Researchers are trying to crack the code on how to replicate smell so they can make an algorithm to recreate them digitally. The smell of burnt pizza, the smell of New York in the summer, the scent of a woman. They are trying to do it at Intel and now scientists from Israel (we reported in 2012 when they were mapping the smell of white noise) are taking on the ideas of Alexander Graham Bell to map smells.
Fragrances – promising mystery, intrigue and forbidden thrills – are blended by master perfumers, their recipes kept secret. But in a new study on the sense of smell, scientists from the Weizmann Institute of Science have managed to strip much of the mystery from even complex blends of odorants, not by uncovering their secret ingredients, but by recording and mapping how they are perceived.
The scientists can now predict how any complex odor will smell from its molecular structure alone. This study may not only revolutionize the closed world of perfumery, but eventually lead to the ability to digitize and reproduce smells on command.
The proposed framework for odors, created by neurobiologists, computer scientists, and a master-perfumer, and funded by a European initiative for Future Emerging Technologies (FET-OPEN), was published today in Nature.
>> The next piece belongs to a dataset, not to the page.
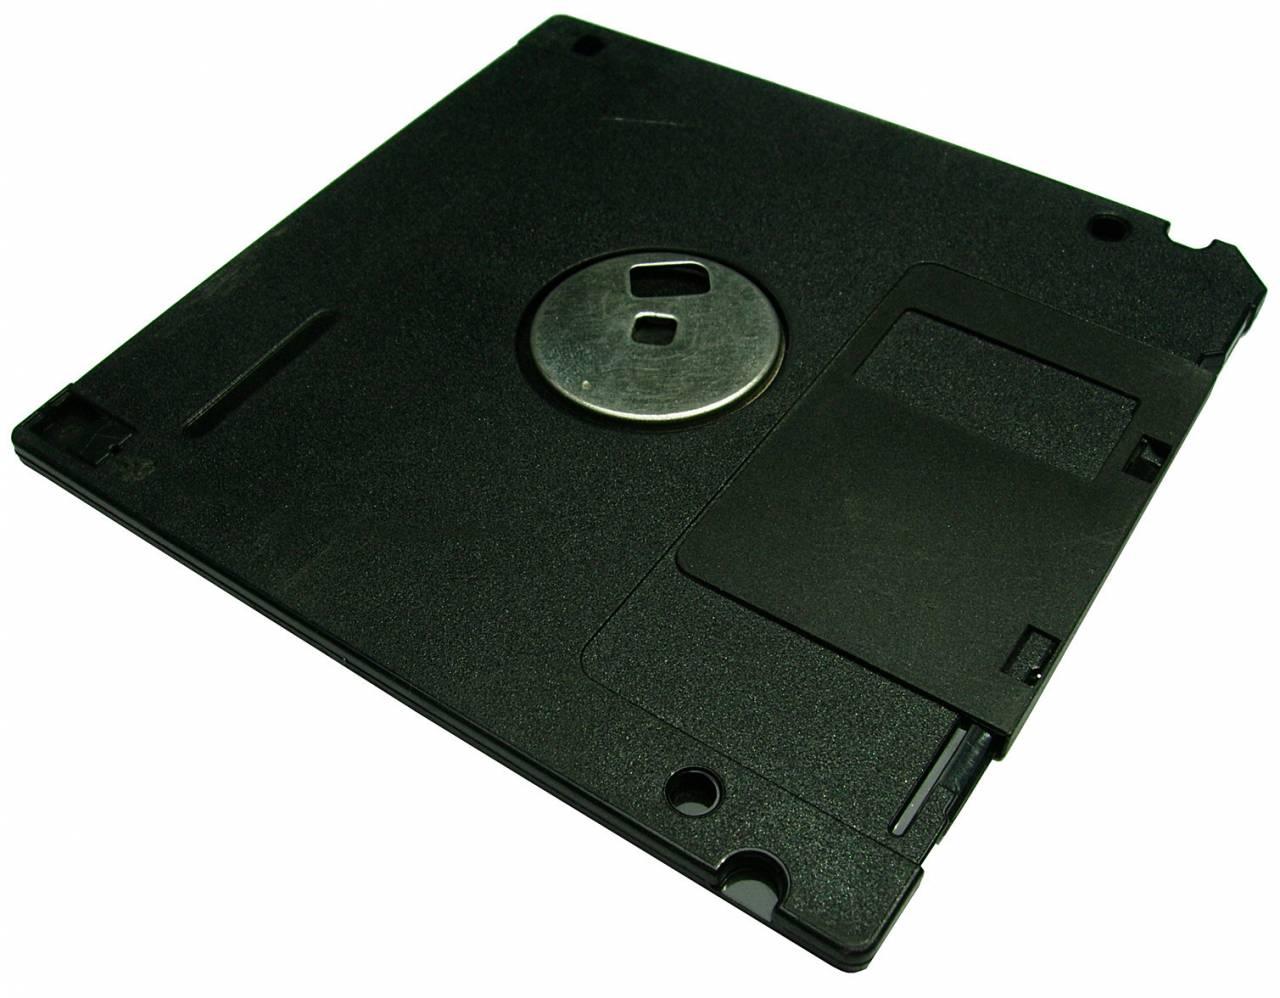 ファミコンディスクシステム、PSのディスク入れ替えが懐かしい!
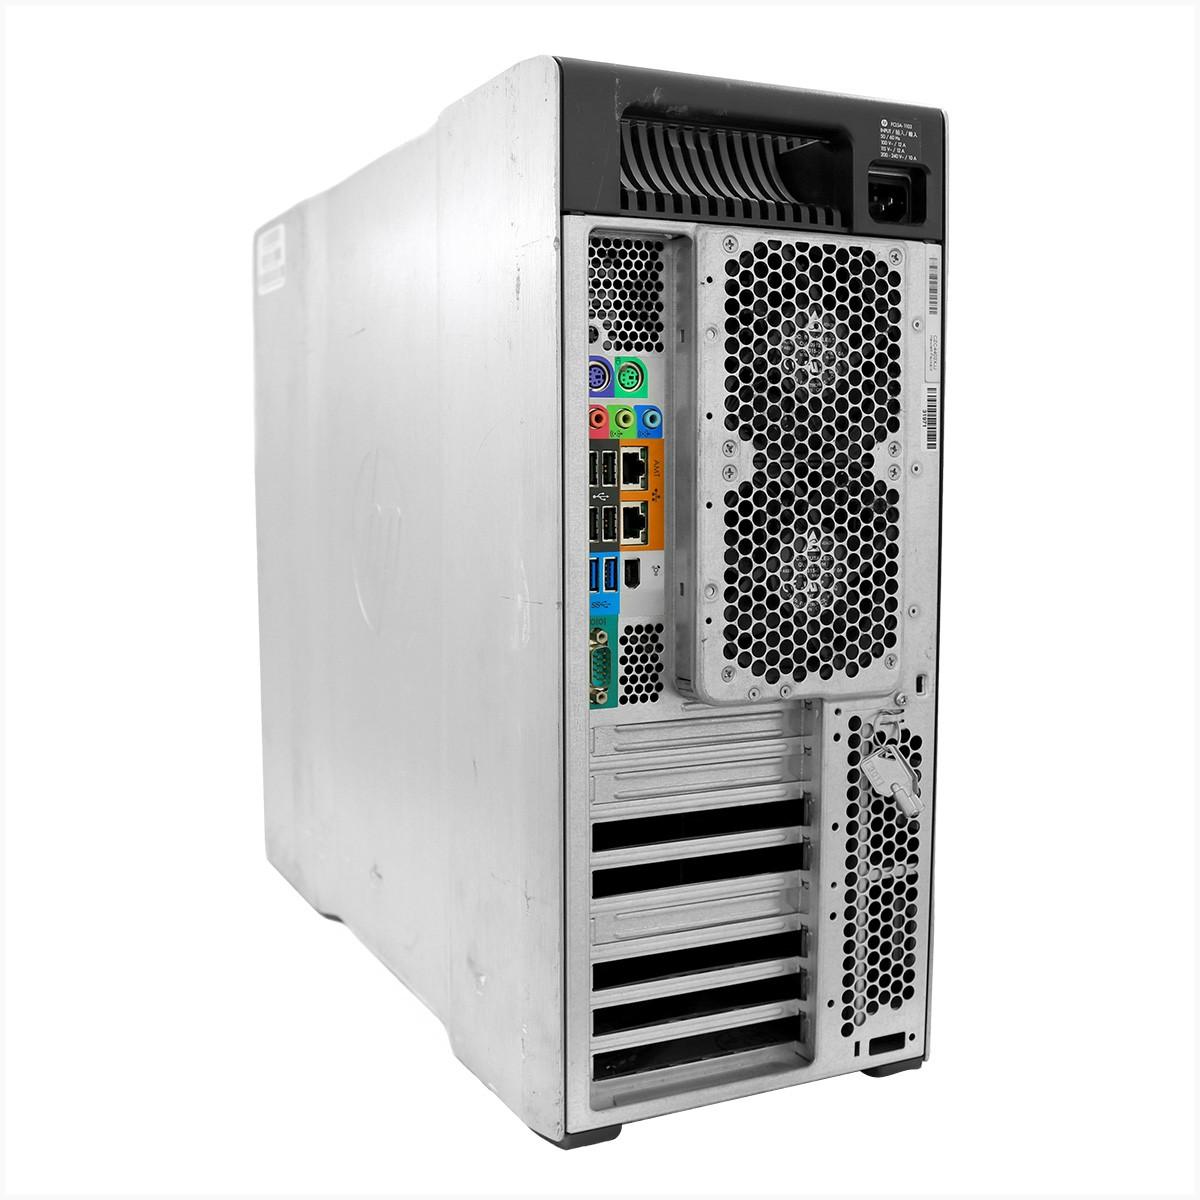 Workstation hp z820 xeon e5 2687 v2 32gb 480gb ssd - usado

“The challenge of plotting smells in an organized and logical manner was first proposed by Alexander Graham Bell over 100 years ago,” says Prof. Noam Sobel of the Institute’s Neurobiology Department.
Bell threw down the gauntlet: “We have very many different kinds of smells, all the way from the odor of violets and roses up to asafoetida. But until you can measure their likenesses and differences you can have no science of odor.”
How the nose knows
This challenge had remained unresolved until now.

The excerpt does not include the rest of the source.